Natural language instruction, which is a sequence of words

,

② 상태(State):

② State:

시각-언어 이동 문제를 구성하는 각 상태(state) s_t는 에이전트의 실시간 위치 정보로 표현한다. 즉,

, 이때

는 에이전트가 놓여있는 지점의 3차원 위치(position)를,

는 에이전트가 향하고 있는 수평 방향(heading)을,

는 수직 방향인 고도(elevation)를 각각 나타낸다. 초기 상태는

과 같이 에이전트의 시작 위치로 주어진다. _{Each state s t} constituting the visual-language movement problem is expressed as real-time location information of the agent. in other words,

, At this time

is the three-dimensional position of the point where the agent is placed,

is the horizontal heading the agent is facing,

represents the vertical elevation, respectively. the initial state

It is given as the starting position of the agent as

③ 관찰(Observation):

③ Observation:

매 순간 에이전트에게 주어지는 입력은 그 상태 s_t의 현재 위치에서 취득한 360°파노라마 영상

이다. 파노라마 영상

는 360°를 수평으로 30°씩 나눈 12개의 수평 방향 영역들과 이들 각각을 다시 3개의 상하 고도로 나눈 수직 방향 영역들을 종합하여 총 36개의 부분 영상들로 구성된다.

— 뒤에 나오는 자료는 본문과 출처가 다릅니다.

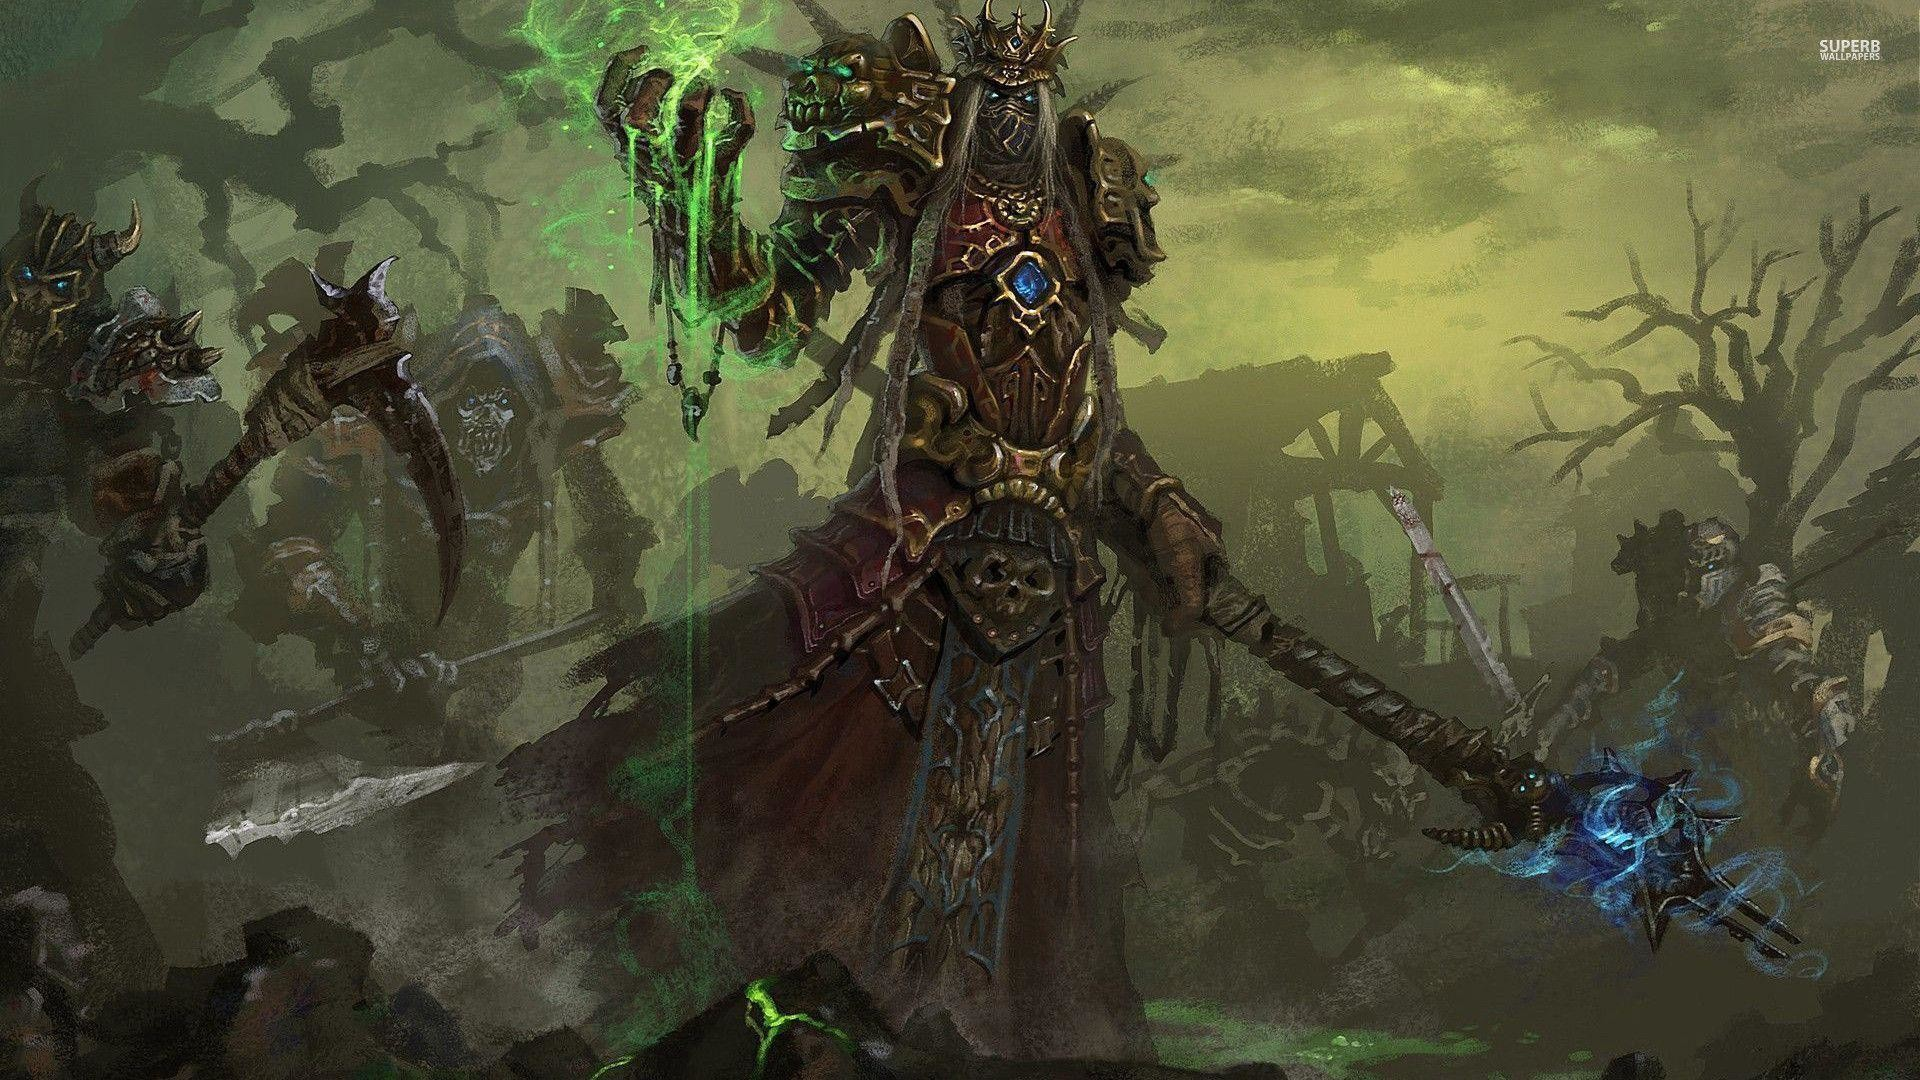 World Of Warcraft Desktop Wallpaper: WoW Warlock Wallpaper (76+ Images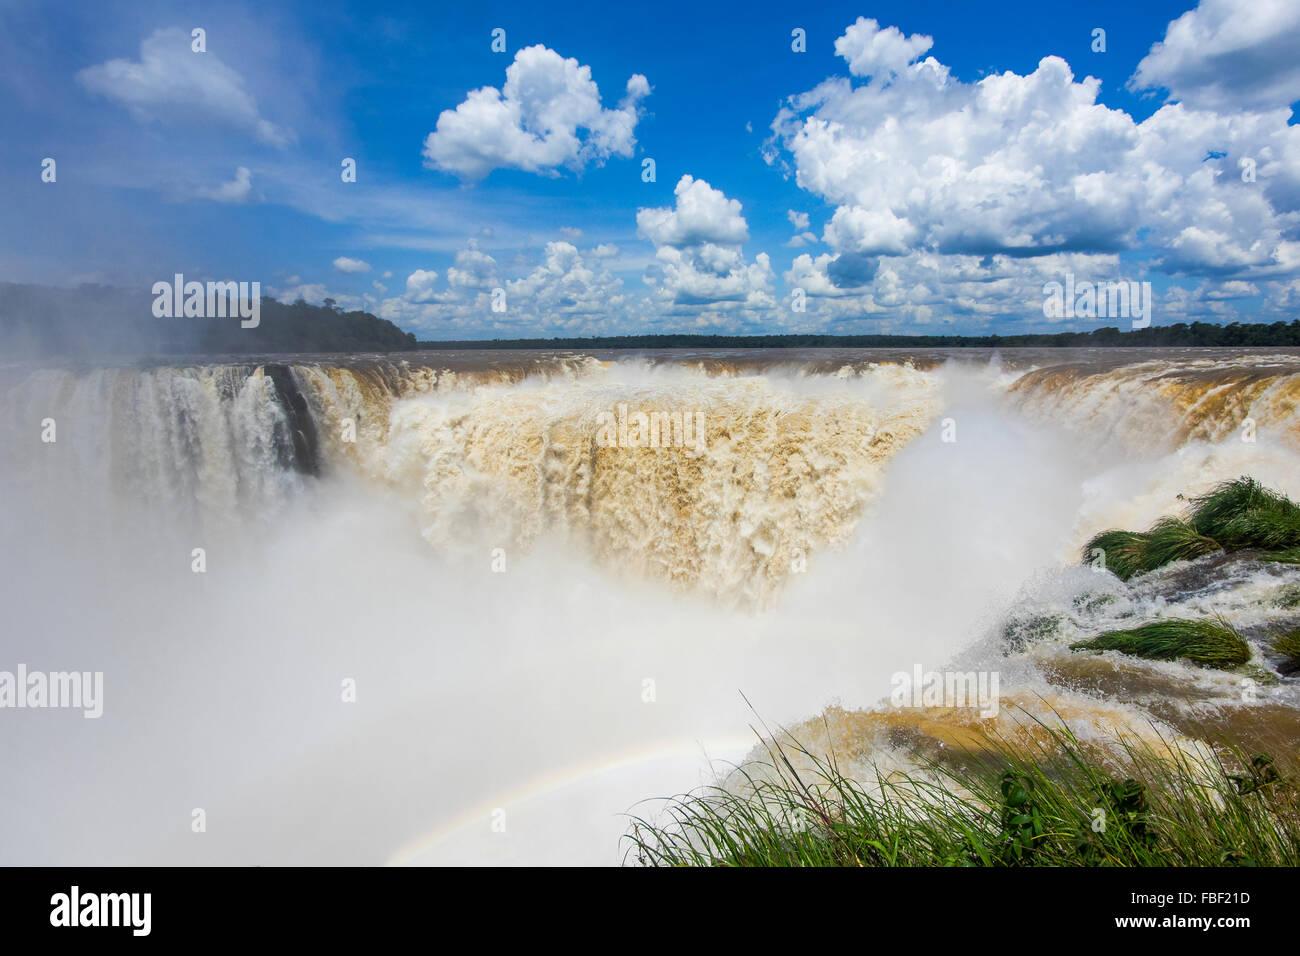 View of Devil's Throat (Garganta del Diablo), the largest cascade at Iguazu Falls, on the border of Argentina - Stock Image

The input given to the agent at every moment is a 360° panoramic image obtained from the current position _{of that state s t .}

am. panoramic video

is composed of a total of 36 partial images by combining 12 horizontal regions divided by 360° horizontally by 30° and vertical regions divided by 3 vertical heights.

④ 행동(Action):

④ Action:

매 순간 에이전트는 입력 파노라마 영상을 구성하는 총 36개의 부분 영상들 중 하나를 선택하여 그에 해당하는 방향 영역으로 이동한다. 따라서

, 이때 각

는 부분 영상

에 해당하는 방향 영역으로 향하는 이동 행동을 나타낸다.At every moment, the agent selects one of 36 partial images constituting the input panoramic image and moves to the corresponding direction area. thus

, at this time each

is a partial video

It represents the movement action toward the direction area corresponding to .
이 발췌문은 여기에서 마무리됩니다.